O fim de noite no bairro da Glória, Rio de Janeiro, foi de samba-rock. Lá pelas tantas minha amada e eu, já com as cabeças cheias de cerveja, fomos para um boteco na rua de trás ouvir o “boogie-woogie sem pandeiro”* de uma banda de rock.
Tomando umas e outras, eis que, num intervalo, chega um desses senhores boêmios, magro de tanto trocar as refeições por “umazinha”, pele negra, cabelos brancos, olheiras profundas. Pede um trago da loura gelada na minha mesa. Dou um copo. Ele fica ali na mesa ao lado curtindo o rock e puxa papo.
Fala que o som é bom. Diz com palavras tortas que se pegasse aquela bateria faria um som melhor que o dos jovens roqueiros. Mas eu, intrigado, indago.
- O senhor tem cara de quem sabe bater um tamborim, to errado? -, era a deixa que faltava. Se desculpando a cada três palavras ele vai chegando mais perto. Quando vemos já está sentado conosco. “Vocês me desculpem, eu gosto mesmo é de um pandeiro. Me desculpa. Eu tocaria melhor que eles aí. Desculpa. A música tá legal”.
- Samba é muito bom -, digo. Papo vai, e ele, depois de pedir desculpas mais uma vez, diz: “Eu tenho um samba assim:”, e canta pausadamente o refrão do que parece ser um samba canção bonito toda vida. “A lição da vida vai lhe ensinar a razão do viver.”
“Bonito”, dizemos eu e ela. “Já quiseram me comprar ele, mas eu não quis”, tentando endireitar a embriaguez. A essa altura, guitarra, baixo e bateria já tinham sido guardados.
E vai proferindo todas as palavras da letra linda cheia de dor e amor por aquela mulher que precisava aprender uma lição. Nessas horas a gente pede a Deus um gravador ou, no mínimo, uma memória de elefante.
Papo vem, e virar confidente de bebum era o caminho anunciado. Lembra da mulher que inspirou a música. Passa a mão no rosto antes de começar a contar uma das histórias. “Um dia a gente foi morar em Belém do Pará. Ela com o Deleon nos braços”, para, respira fundo, os olhos vermelhos marejam, passa a mão no rosto mais uma vez.
Pergunto: “Deleon é o seu filho?”. Faz que sim e continua.
- E o malandro quis se engraçar com ela, ela com o Deleon nos braços! -, sem perguntar, faço a relação de que talvez ela também tenha se engraçado com o malandro. Ele vai em frente: “Perguntei se ele sabia de onde eu era: ‘Rio de Janeiro, moro na favela’. Dei lhe uma lição.”

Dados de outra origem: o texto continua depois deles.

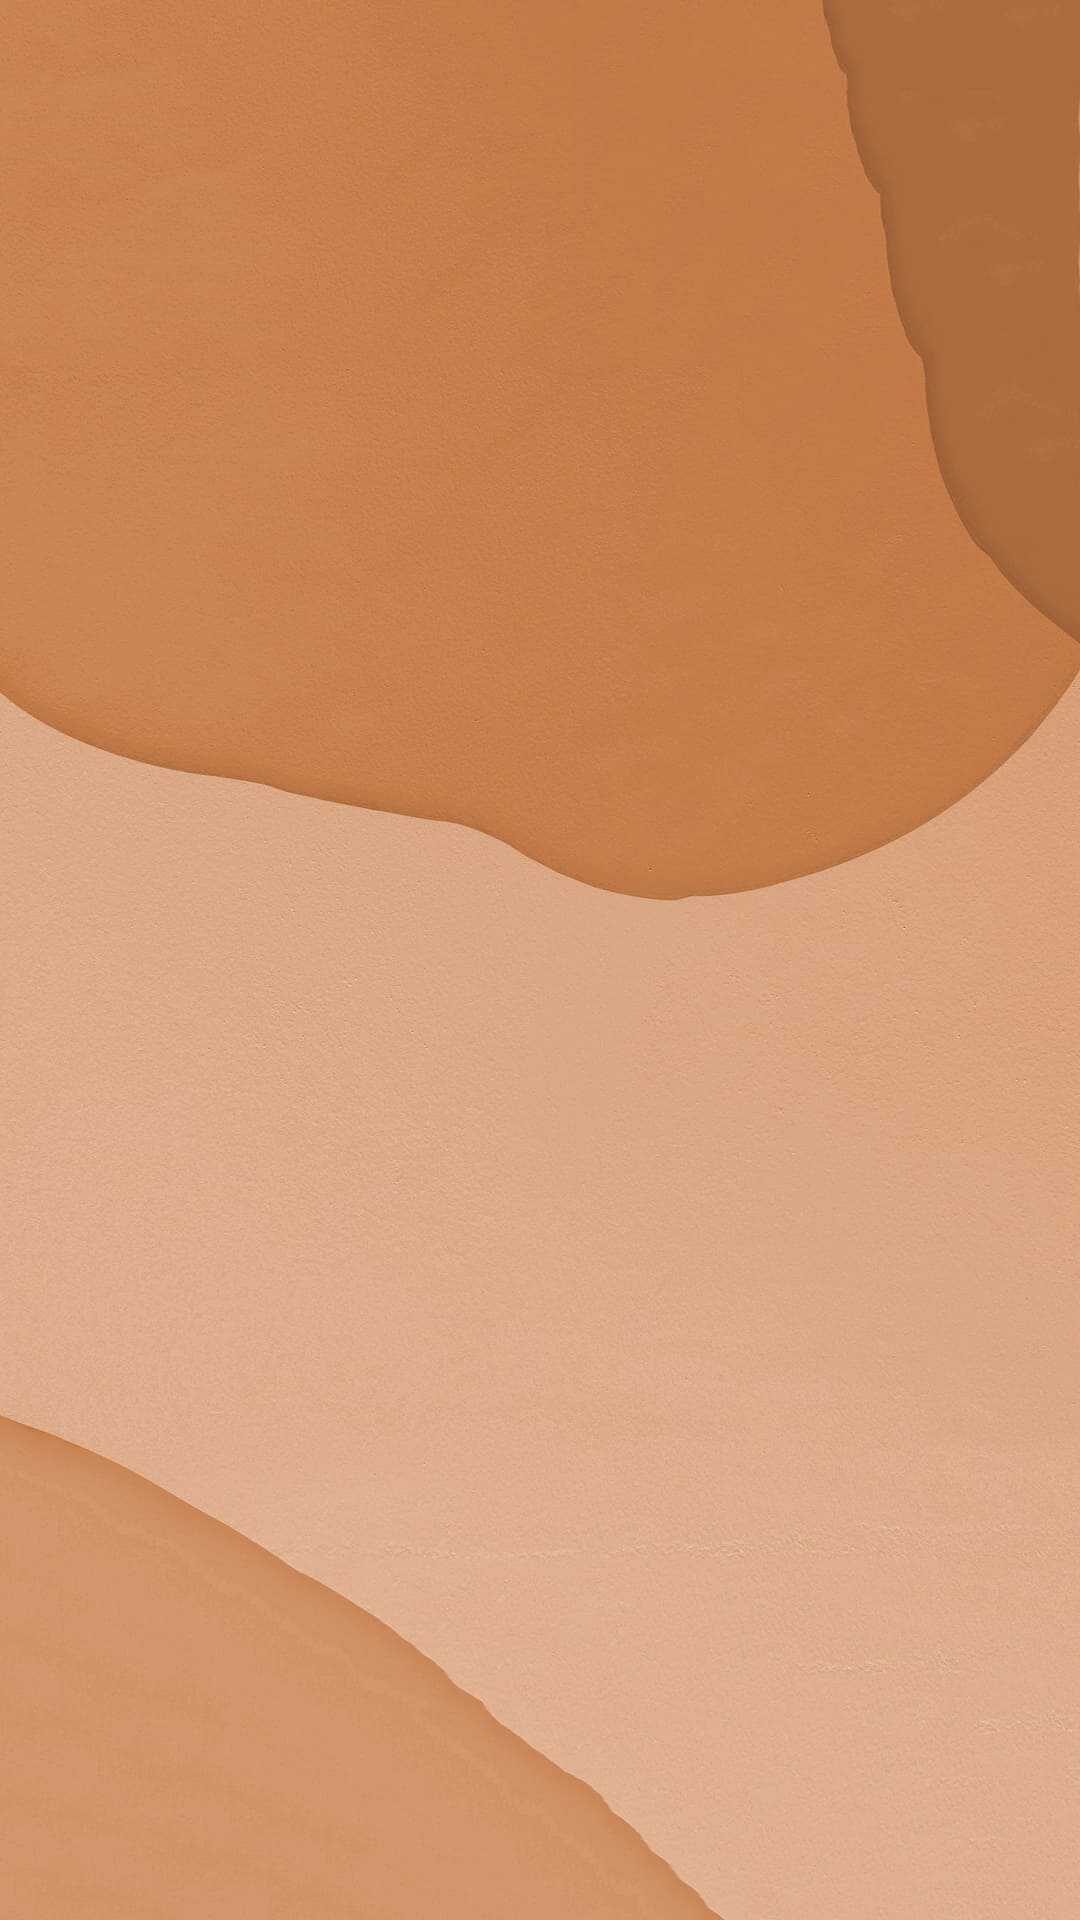 brown sand near body of water during daytime iPhone Wallpapers Free Download

- Quiseram defender, mas no fim todo mundo me deu razão. Ela com o Deleon nos braços!? -, repete desolado, como quem diz: “Imagina só!”. Descobrimos que ele, apesar da mágoa que parece sentir, e provavelmente da que tenha causado à companheira, ainda é casado com ela. “Você me desculpa. Falo pra ela até hoje: ‘a vida ensina’.”
O papo está bom. Olhamos um para o outro sorrindo. “Que figura rara! E que amor real!”, penso e imagino ter pensado ela também. A hora já vai adiantada, o sono já vencendo, peço a saideira e tento, sem sucesso, repetir o refrão.
- Como é que é: ‘A razão da vida...’.
- A lição da vida vai lhe ensinar a razão do viver -, corrige para que eu, enfim, memorizasse. Aperto sua mão.
- Como é o nome do senhor?
- Jaime.
- E da sua senhora?
-Sandra. Desculpa qualquer coisa.
- Que nada. Prazer conversar com o senhor!
Lição da vida aprendida, vamos embora.
* Trecho adaptado da música Chiclete com Banana - Jackson do Pandeiro
Que belo encontro! De vez em quando a gente dá a sorte de esbarrar com uma figura rara dessas. Bom que aproveitou a sua!
"A lição da vida vai lhe ensinar a razão do viver". Bonito!